Client-side neural networks: how to get started and our story
The popularity of machine learning and neural networks is growing every day, and faster than we could ever have imagined. Many industry players are contributing, and client-side frameworks are developing rapidly. Many libraries, such as TensorFlow, are constantly releasing new versions. More mobile devices are now receiving hardware support for machine learning (even Google released its NNAPI — Neural Networks API on Android 8.1). The field is receiving a lot of attention at the moment.
With millions of users worldwide, Bumble — the parent company operating Badoo and Bumble apps — processes a significant amount of information every day (especially photos). With the help of a team full of experts such as data scientists, data analytics, and R&D people with in-deep knowledge in machine learning and the moderation team to markup datasets, we believe we provide both the best environment and user experience.
In this article, I share with you our very first experience using neural networks (NN) on the client-side. In particular, I describe the process of working with the TensorFlow Lite library. I also give an overview of our preparations, a brief description of the neural networks’ world, and, to finish, full implementation details.

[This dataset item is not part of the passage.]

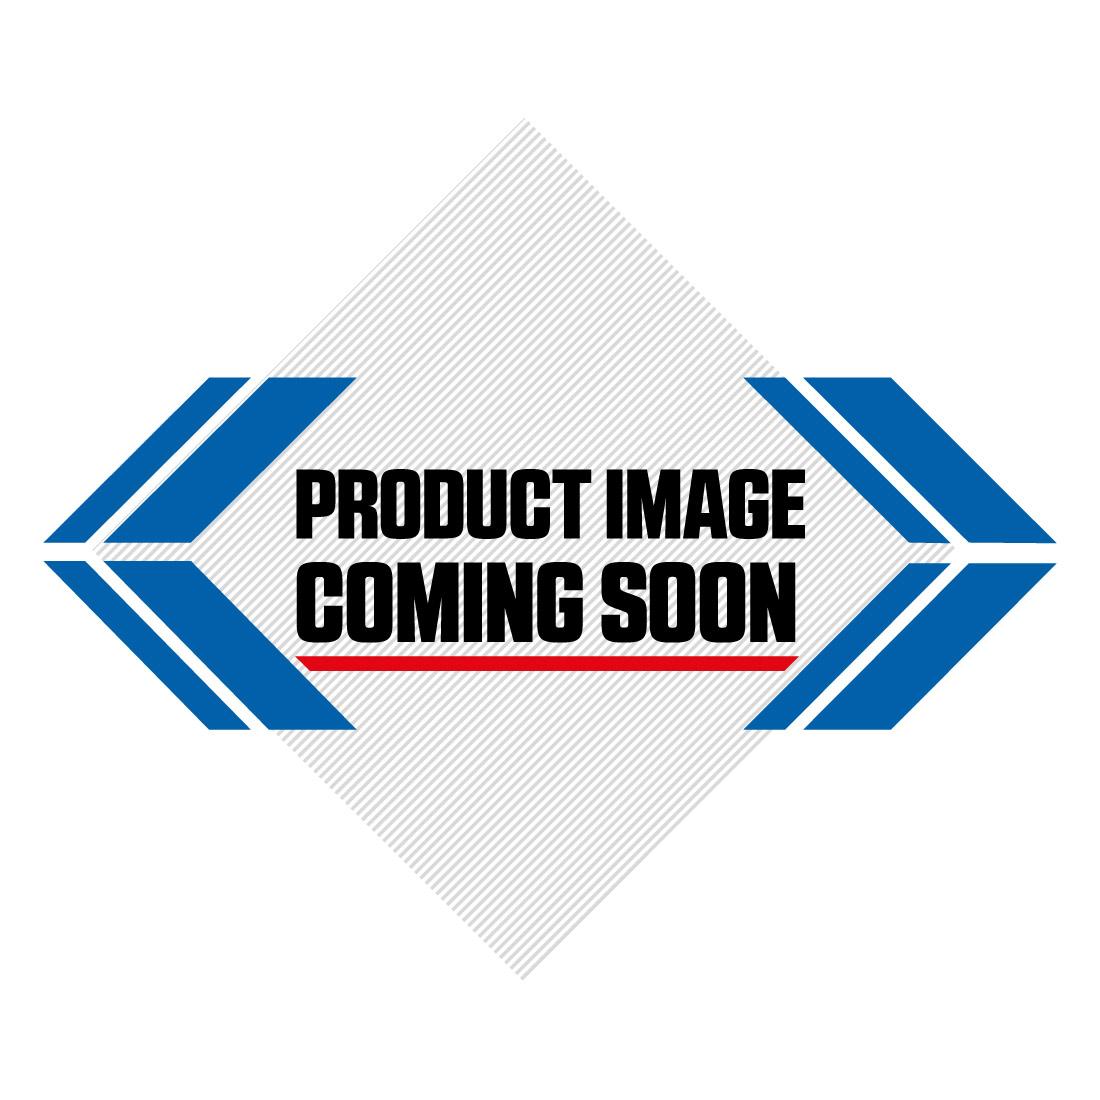 Kawasaki Restyled Plastic Kit KX 85 (2010) OEM Factory Image-5>

This might be useful for those starting out with neural networks or anyone just interested in hearing about our struggle. So, let’s get started!

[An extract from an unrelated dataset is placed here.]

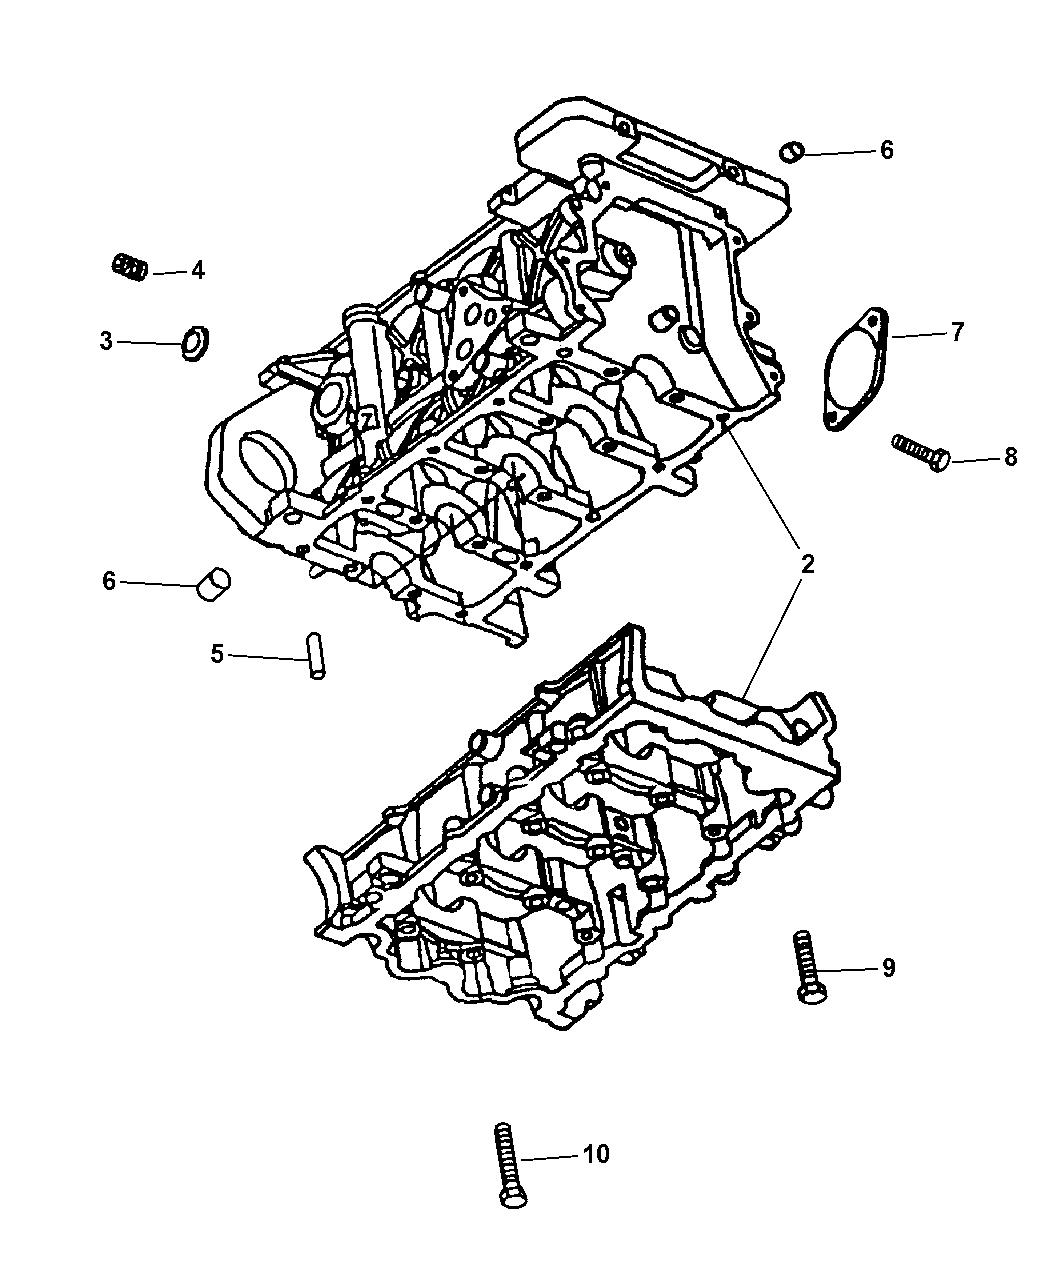 2005 Chrysler Pt Cruiser Cylinder Block Related Parts Engine Diagram Thumbnail 3

All our users need to upload a picture for their profile. Users may request self-verification using additional photos. Once verified, the user receives a badge on their profile for other users to see. The process looks like this:
- We ask the user to send us a photo of them showing a requested gesture.
- We process the photo to decide if it’s the same person and if the gesture matches their requested one.

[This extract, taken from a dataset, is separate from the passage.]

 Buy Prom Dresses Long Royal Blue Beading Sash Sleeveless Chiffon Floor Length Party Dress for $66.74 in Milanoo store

Initially, we had two-step photo-processing. In the first step, server-side neural networks were used to filter out obviously unsuitable photos from further processing. In the second step, our moderators processed photos one by one to ensure if they fitted the criteria. Our goal was to increase the percentage of successful photo-verification attempts. A side benefit was that it also reduced the number of manually processed photos.
The updated pipeline of the photo-verification process looks like this:
We developed a set of requirements trying to deliver the best experience possible. There were two key requirements applied to the NN model:
- Speed. NN should be as fast as possible. It should work in real-time. The response should be prompt, so the changes in the input image would be reflected in the output in a reasonable time frame.
- Size. NN should be as small as possible. We decided to deliver the model over the network, so the smaller the model, the faster the user gets it.
So, we don’t bundle the model inside the APK to keep it small. To further optimise the APK size we are considering using Dynamic Delivery feature in the future. Yury has written a great article on this (Part 1, Part 2).
Beginning of development
Starting with the investigation I knew that we were already using Tensorflow on the server-side and that it is the most popular platform for machine learning at the moment. I found that TensorFlow has 2 options for running on mobile devices — TensorFlow Lite and the older TensorFlow Mobile (not its official name). The R&D department provided me with the first models that were in the protobuf serialised graph format (“.pb”). Such models were compatible with an old TensorFlow library only. They were good enough to start with and to play around with but we knew that we could use TensorFlow Lite for our purposes and that it offered higher performance and would allow us to run the model on the GPU. Remember, one of our key requirements was high speed. GPU allows us to run multiple calculations in parallel so this gives a significant boost in speed compared to running the same model on the CPU. Thus, we decided to give it a go and convert the model to the new format.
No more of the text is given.